━━━ Information given ━━━
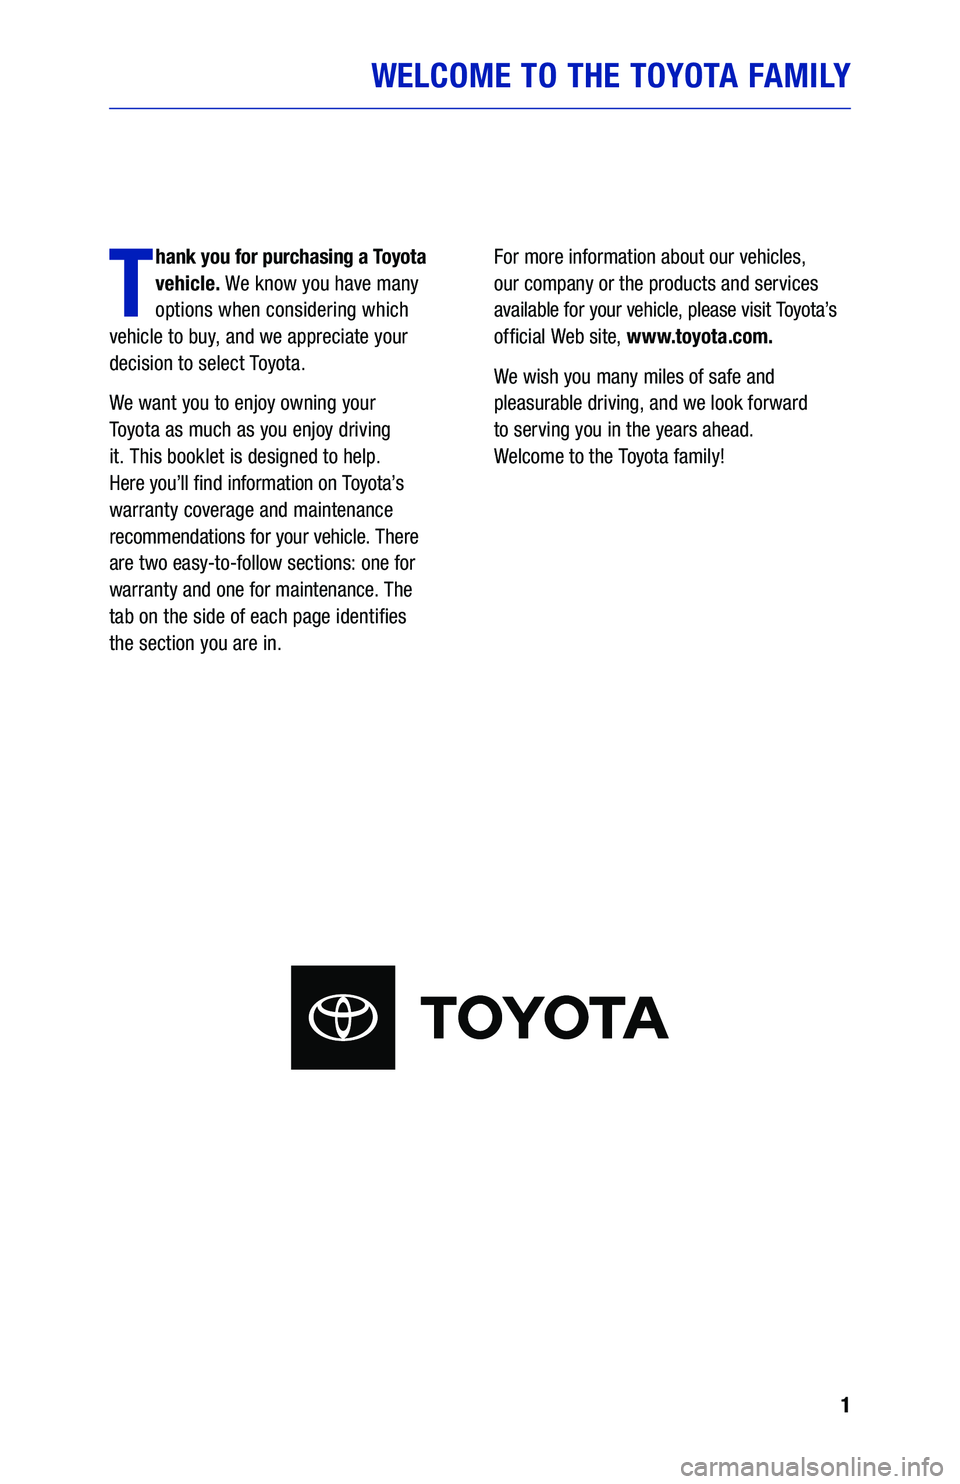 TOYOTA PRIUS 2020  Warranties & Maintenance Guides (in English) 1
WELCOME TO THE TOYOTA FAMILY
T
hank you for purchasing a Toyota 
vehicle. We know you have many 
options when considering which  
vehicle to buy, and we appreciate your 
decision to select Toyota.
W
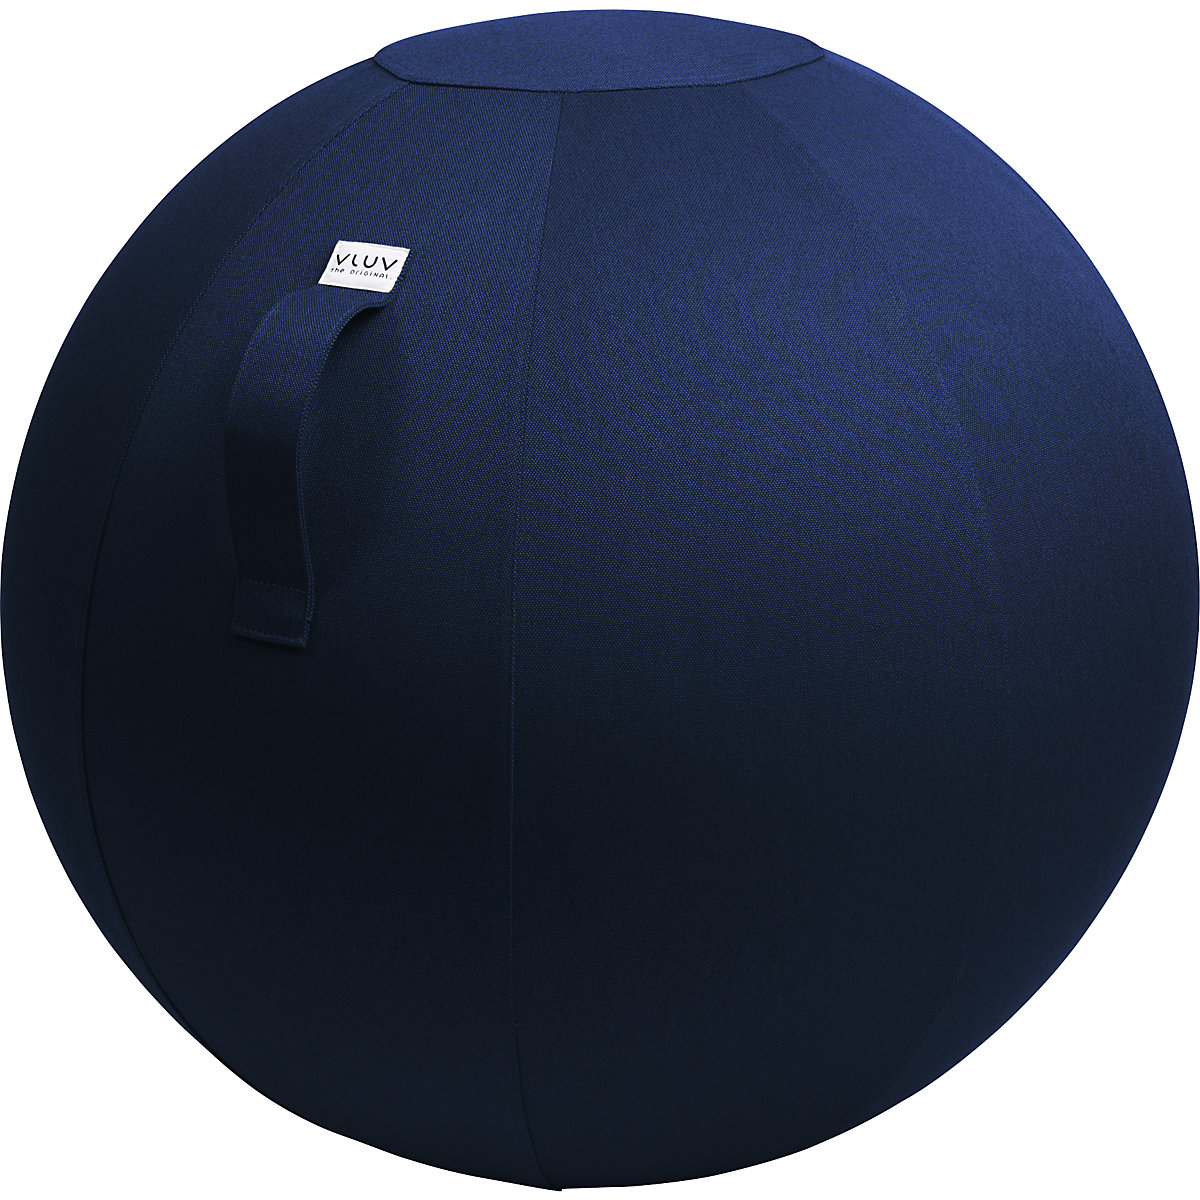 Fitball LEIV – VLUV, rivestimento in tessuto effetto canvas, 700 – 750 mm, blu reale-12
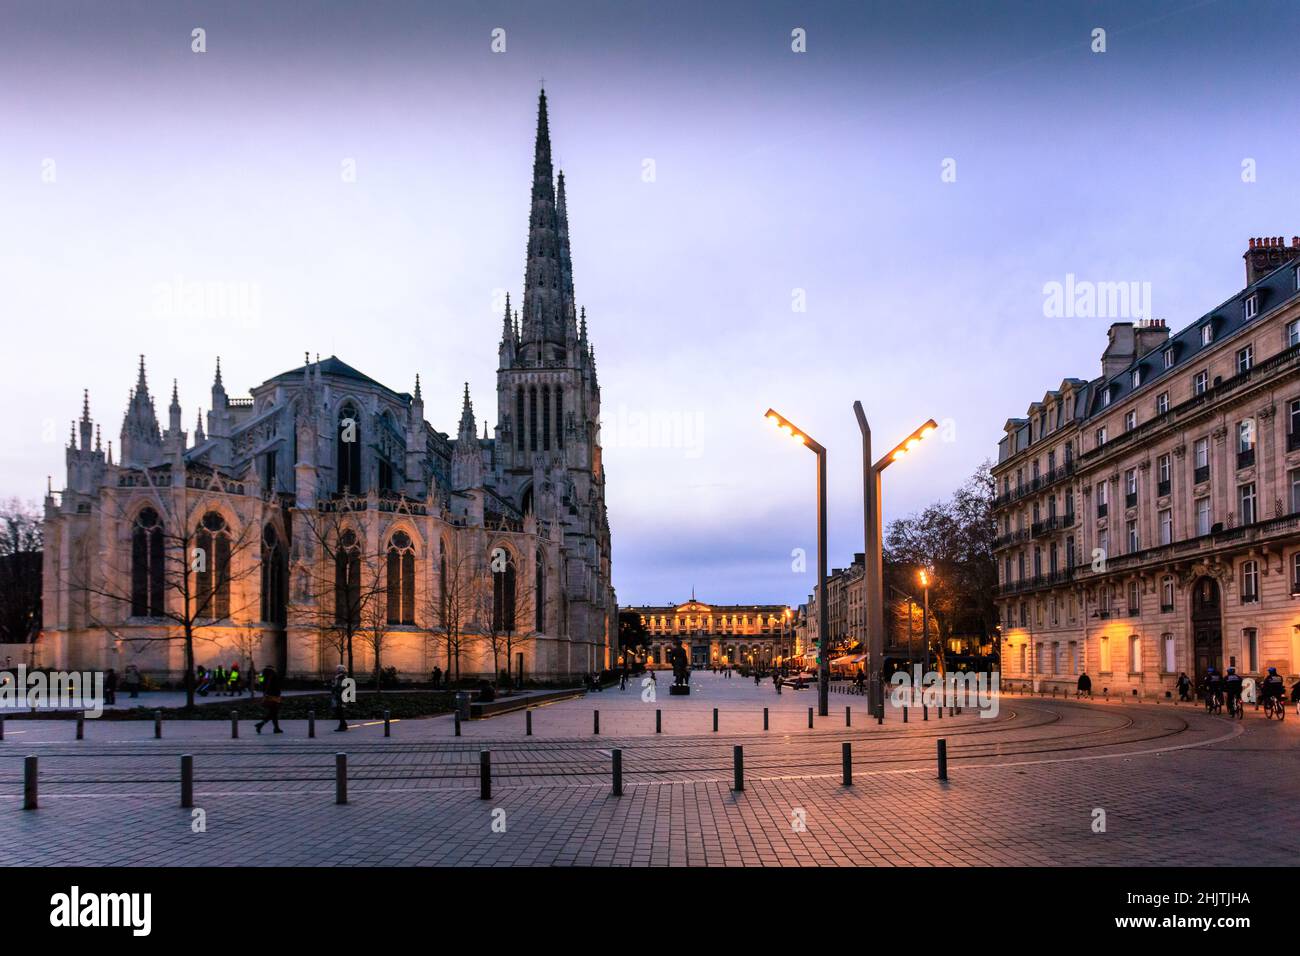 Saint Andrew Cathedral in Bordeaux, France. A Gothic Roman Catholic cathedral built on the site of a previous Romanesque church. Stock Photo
━━━
### Activity
Excluding the pictures, write out exactly the lines from the line that contains "decision to select Toyota." through the end of the records.

### Solution to this exercise
decision to select Toyota.
W
 Fitball LEIV – VLUV, rivestimento in tessuto effetto canvas, 700 – 750 mm, blu reale-12
 Saint Andrew Cathedral in Bordeaux, France. A Gothic Roman Catholic cathedral built on the site of a previous Romanesque church. Stock Photo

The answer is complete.